Técnicas de la identificación de la proteína

Las proteínas se pueden separar por la 2.a electroforesis del gel e identificar con espectrometría total

El contenido proteínico de una célula se estima para consistir en millares de diversos tipos de proteínas
con un rango dinámico de la expresión. La tecnología que se está utilizando actualmente implica la extracción de los componentes de proteína, fraccionamiento de esta mezcla muy compleja,
proteólisis enzimática de cada especie separada y aislada, análisis espectrométrico total extenso y finalmente corresponder con los datos estructurales generados contra una base de datos de proteínas sabidas o de productos anticipados de la expresión del genoma.
Este procedimiento implica un paso inicial usando 1 - o la electroforesis de 2 dimensiones (DE). Usando 1-DE, las proteínas se separan en base de masa molecular; la técnica es reproductiva y se puede utilizar para las proteínas en el rango total del kDa 10-300, pero ha limitado la resolución.
Para la separación de mezclas más complejas de la proteína, 2-DE es el método preferido.

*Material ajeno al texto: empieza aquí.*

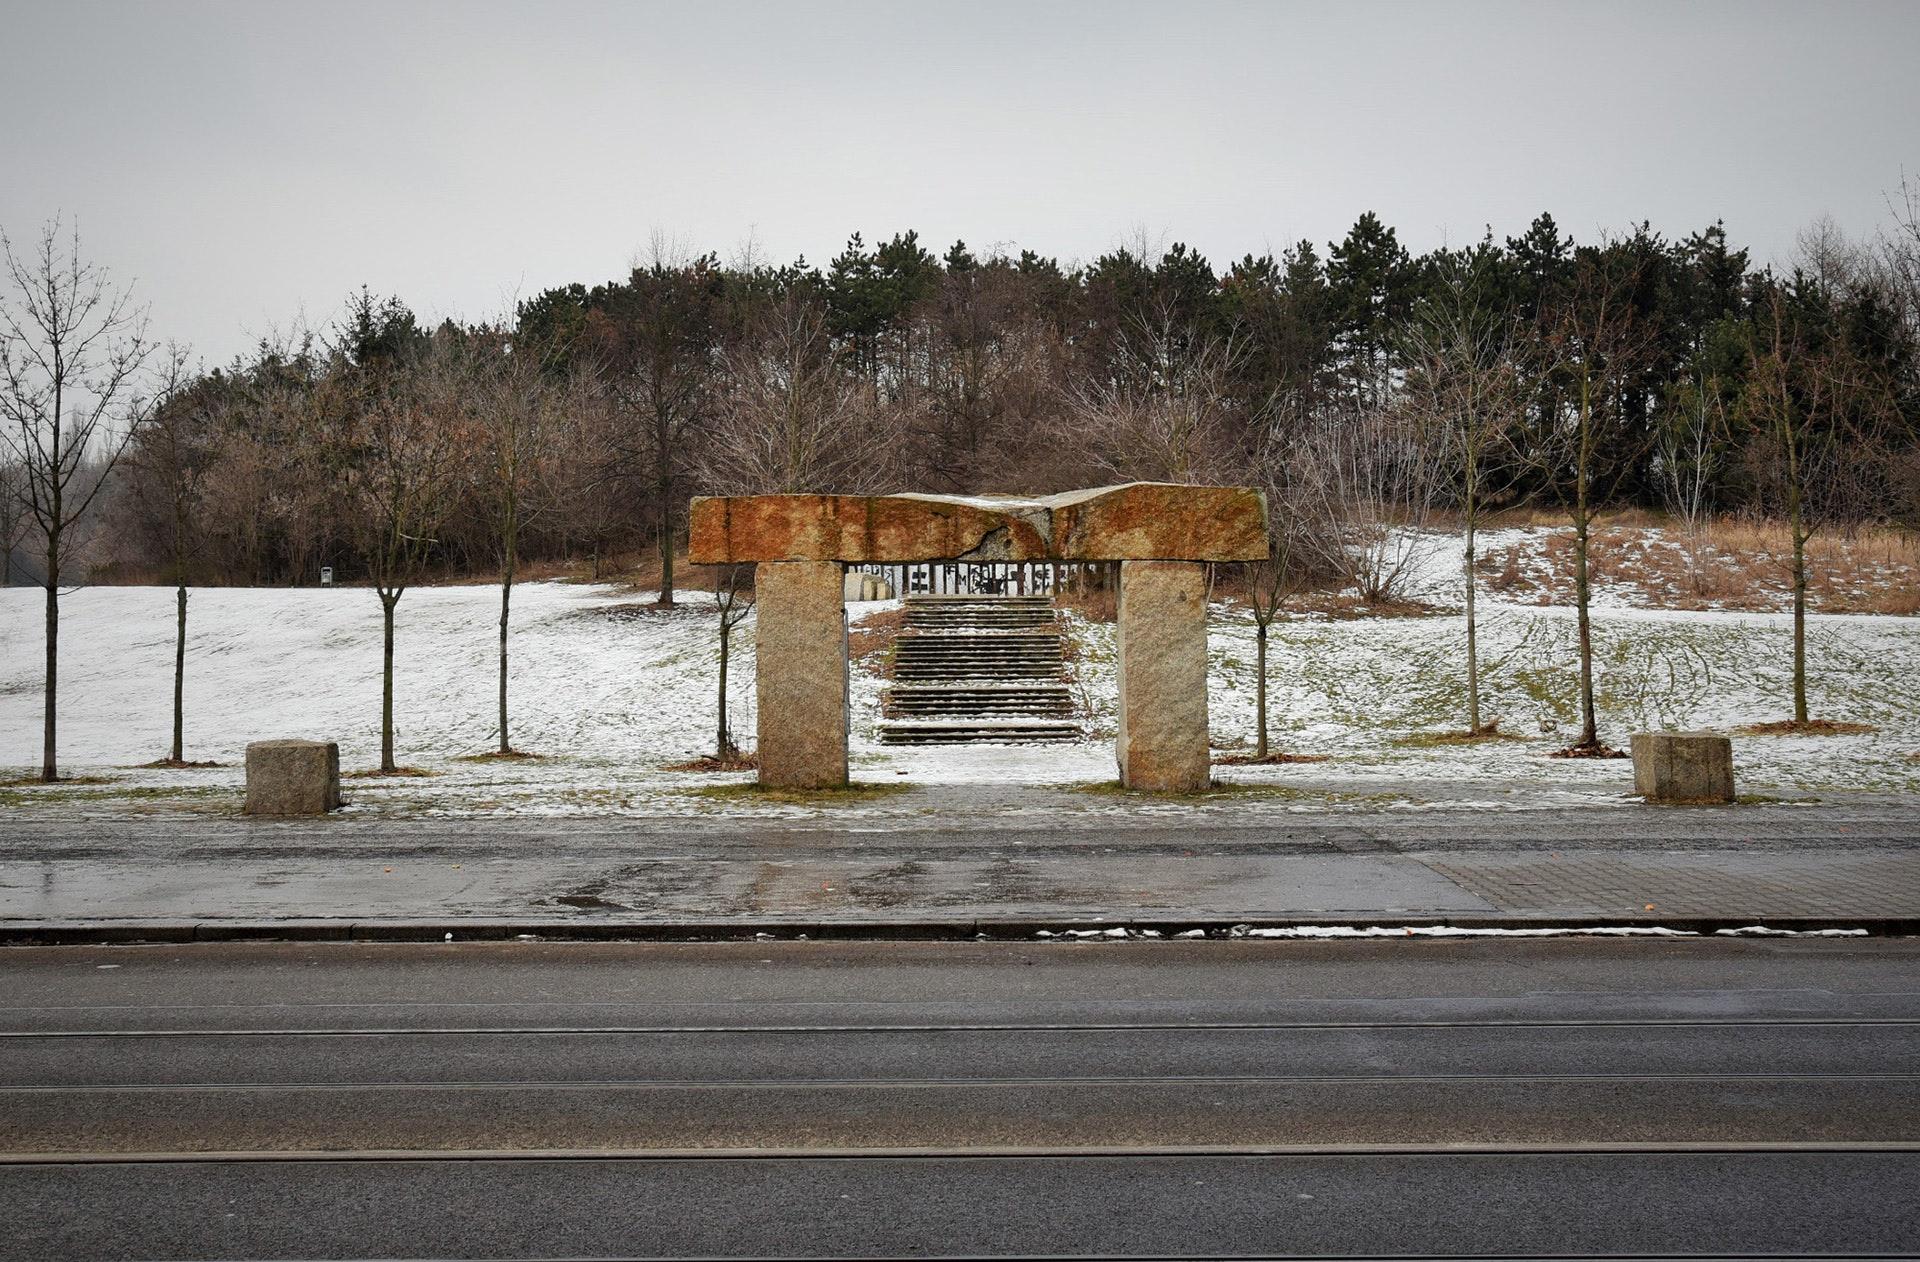 «Жили дружно»: как бывшие граждане ГДР тоскуют по прошлому

Esto implica el separar de las proteínas primero según su carga neta por un paso de progresión de la concentración isoeléctrica y entonces, en la segunda dimensión, según su masa molecular que emplea la electroforesis dodecyl del gel de la sulfato-poliacrilamida del sodio (SDS-PAGE) que da un alto effciency de la separación.
 La espectrometría total (ms) es el método de opción para la identificación
de las proteínas separadas, y de la espectrometría de 2-DE y total
ahora represente una tecnología por la cual vario mil proteínas se puedan separar, detectar e identificar en una manera automatizada.

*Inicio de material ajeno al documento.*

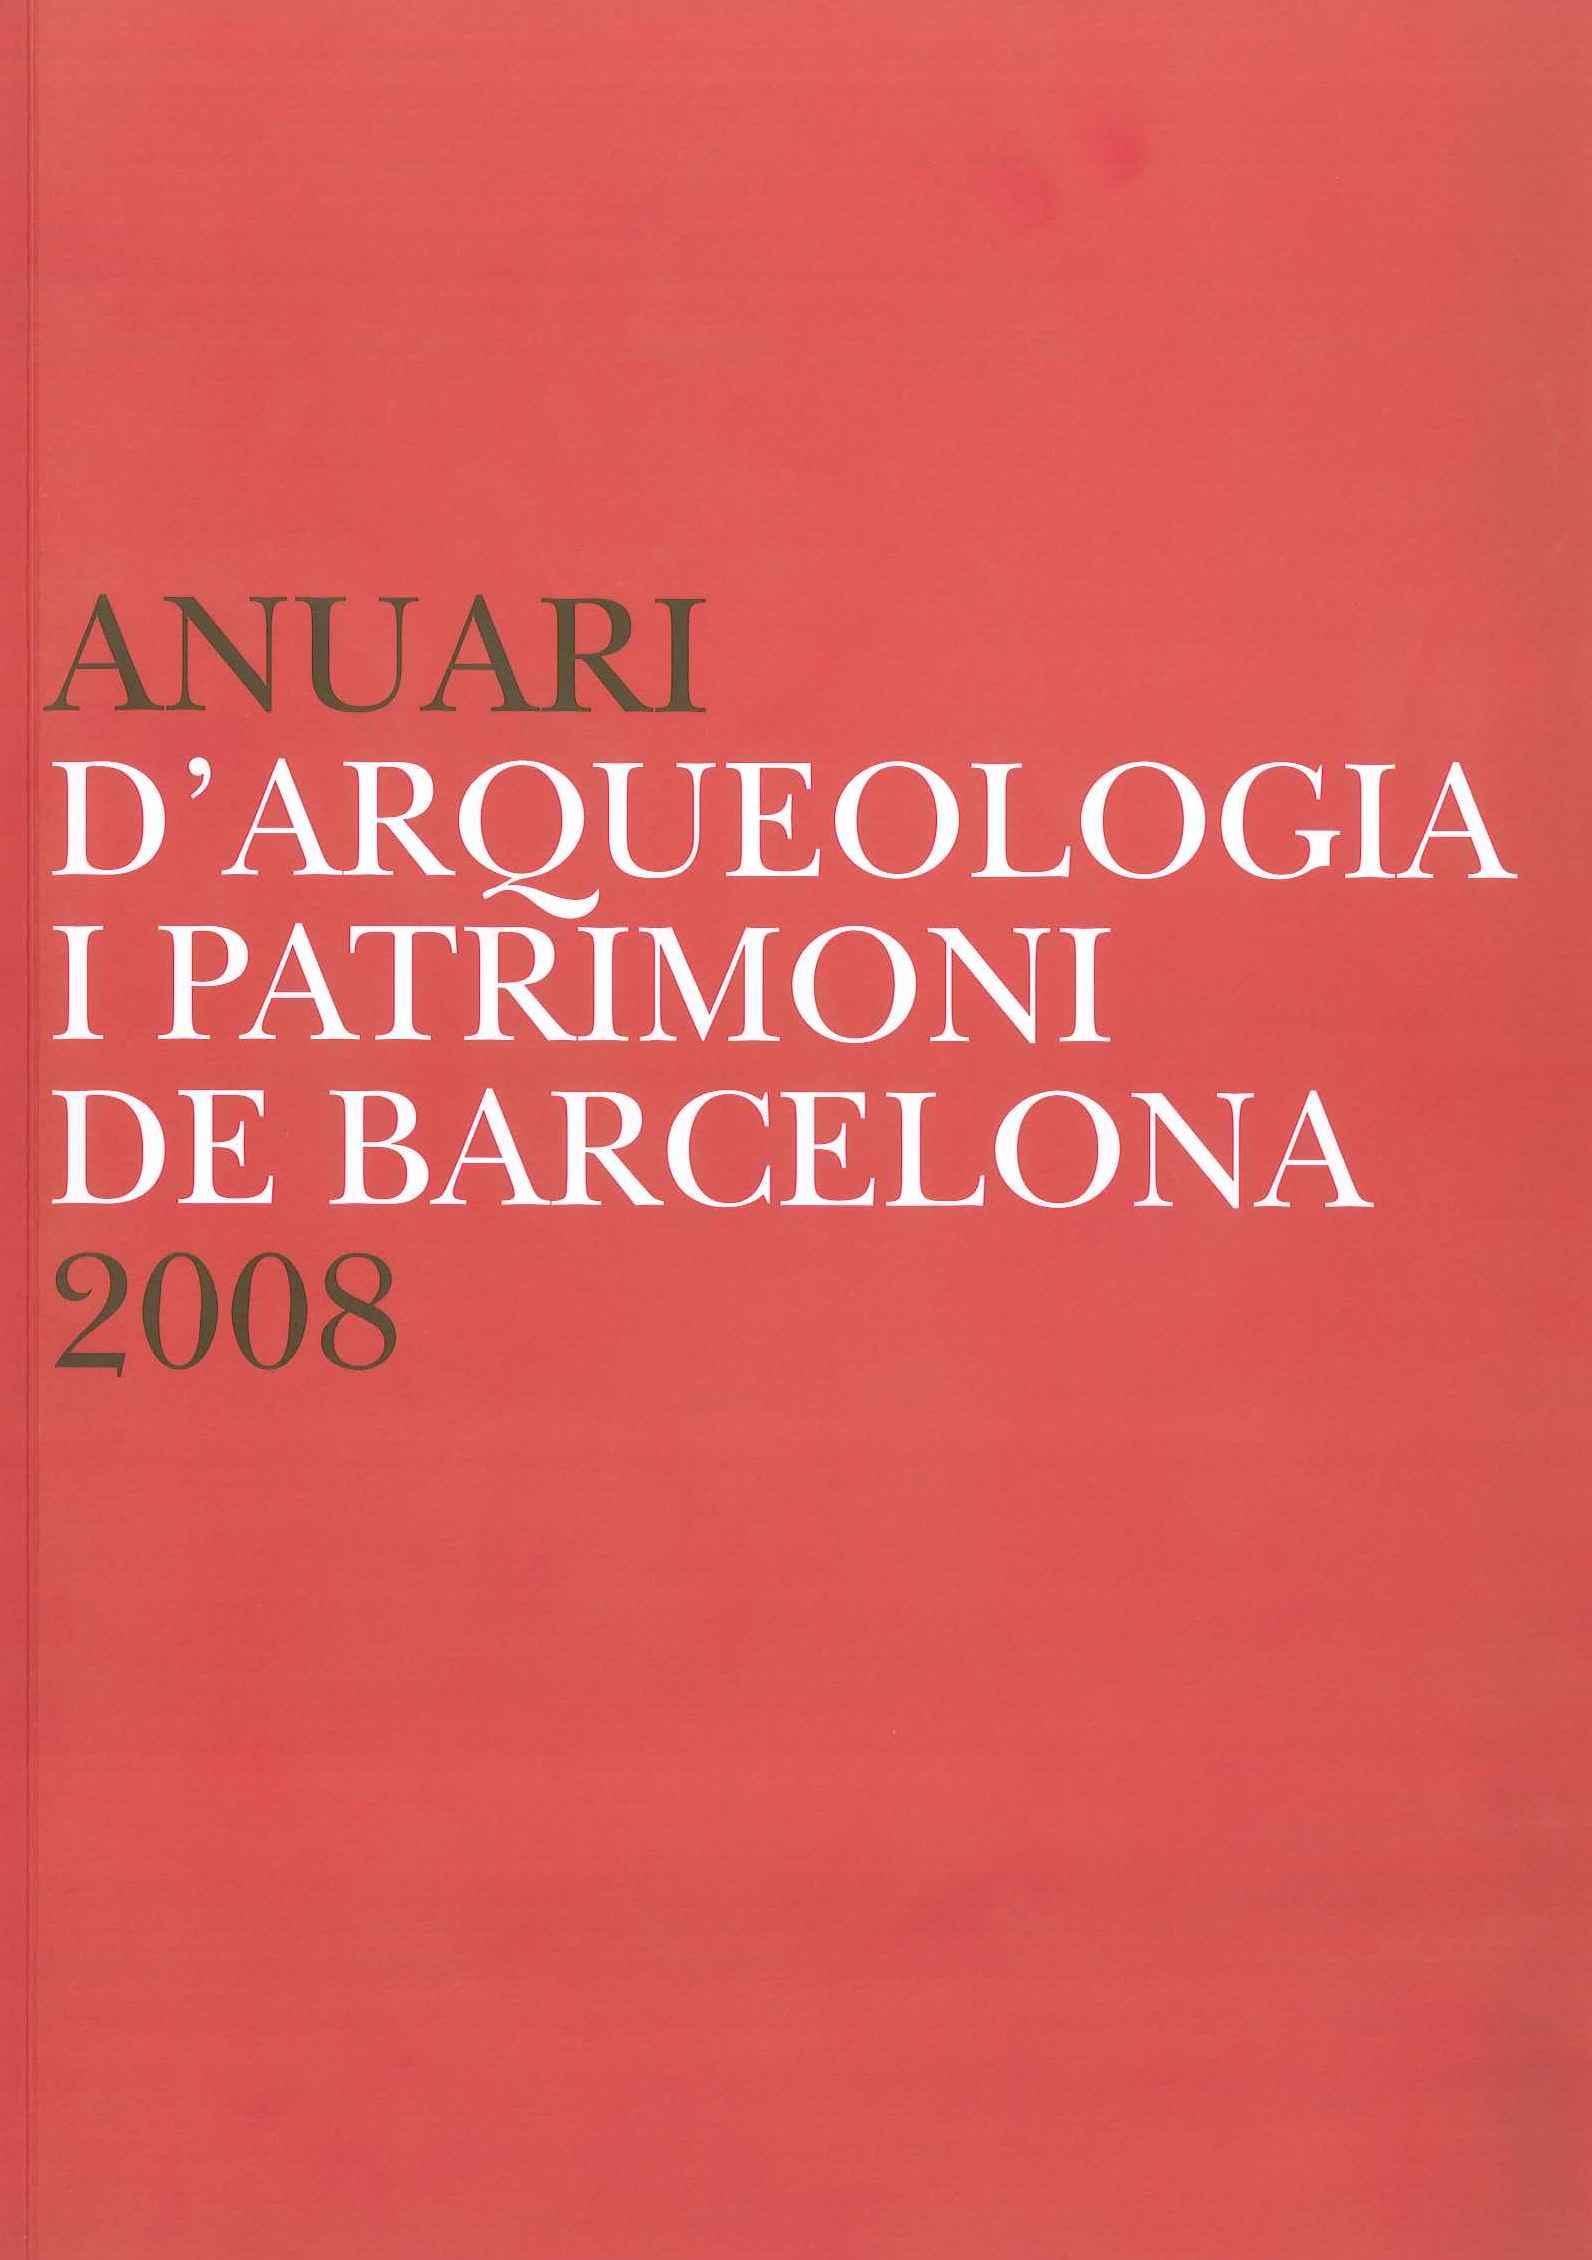 Anuari d'Arqueologia i Patrimoni de Barcelona 2008

La metodología de Proteomics es hecha inicialmente por la separación y la localización de la proteína por 2-DE seguido por la supresión de las proteínas del interés que entonces experimentan la digestión proteolítica para rendir una mezcla de fragmentos del péptido. Los péptidos son analizados por espectrometría total, inicialmente usando MALDI-MS para la determinación de la masa molecular y la generación de una huella digital de la masa del péptido. Si la base de datos que busca en esta etapa rinde resultados ambiguos, un análisis espectrométrico de la segunda masa, ESI-MS/MS, se utiliza para generar la información de la secuencia que se utiliza para una búsqueda más rigurosa de la base de datos.

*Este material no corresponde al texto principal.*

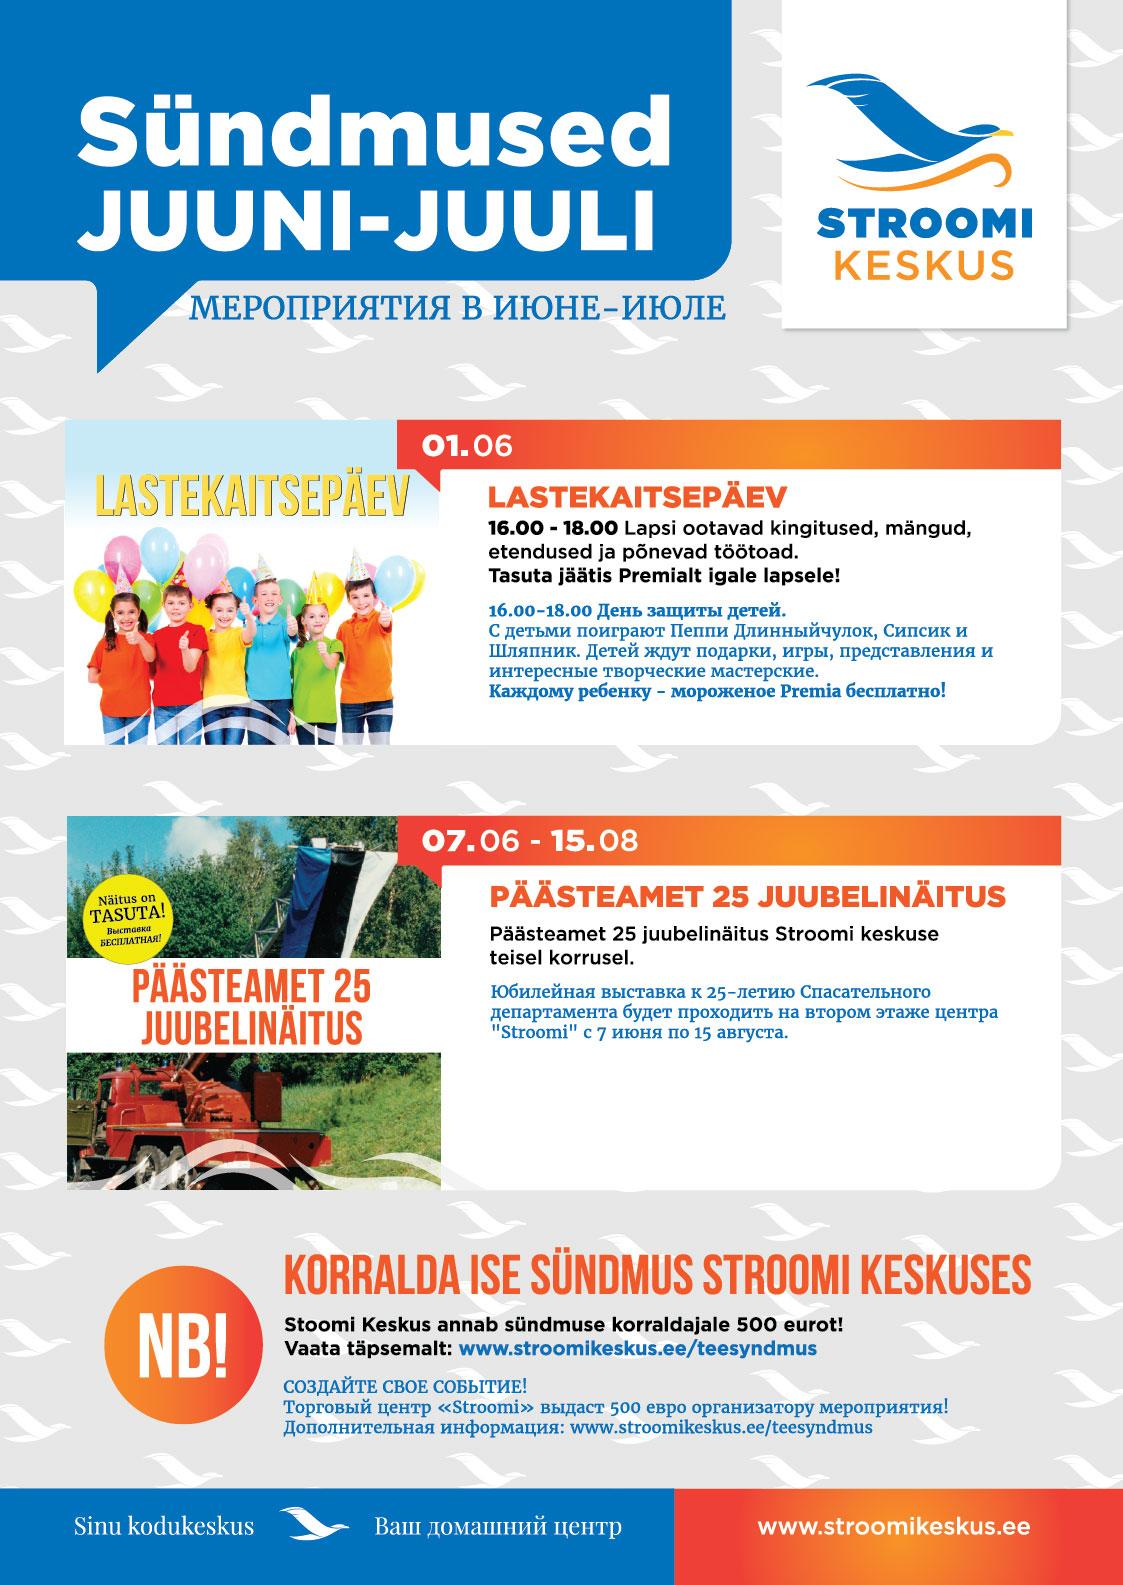 da87a21b15d Sündmused juuni-juuli – Stroomi Keskus

Del espectro total obtenido en el análisis de la mezcla del resumen de la proteína, la correspondencia de la masa del péptido o la huella digital total del péptido es decir las masas moleculares de los fragmentos del péptido, puede ser comprobada. A menudo, si la secuencia de aminoácido es suffciently única y la masa
la exactitud suffciently arriba, la correspondencia total se puede utilizar para buscar bases de datos 12-15 para identificar la proteína con éxito sin la necesidad de otros análisis. Si, sin embargo, la búsqueda de la base de datos lleva a los resultados ambiguos, después análisis más futuros del ms, implicando el uso de la espectrometría total en tándem (MS/MS), se emprenden secuencialmente en cada péptido en la mezcla para generar una secuencia, o la secuencia parcial, conocida como etiqueta de la secuencia, para estos péptidos. Esto es alcanzada con frecuencia por el uso de ESI-MS/MS19 y un paso de progresión adicional de la purificación se debe realizar generalmente para separar los péptidos de las sales y de los detergentes que pueden ser presente que causan la atenuación de la señal del péptido.

Base de datos adicional que busca con ambos la masa molecular del péptido
y la información de la etiqueta de la secuencia debe llevar a la identificación inequívoca de la proteína.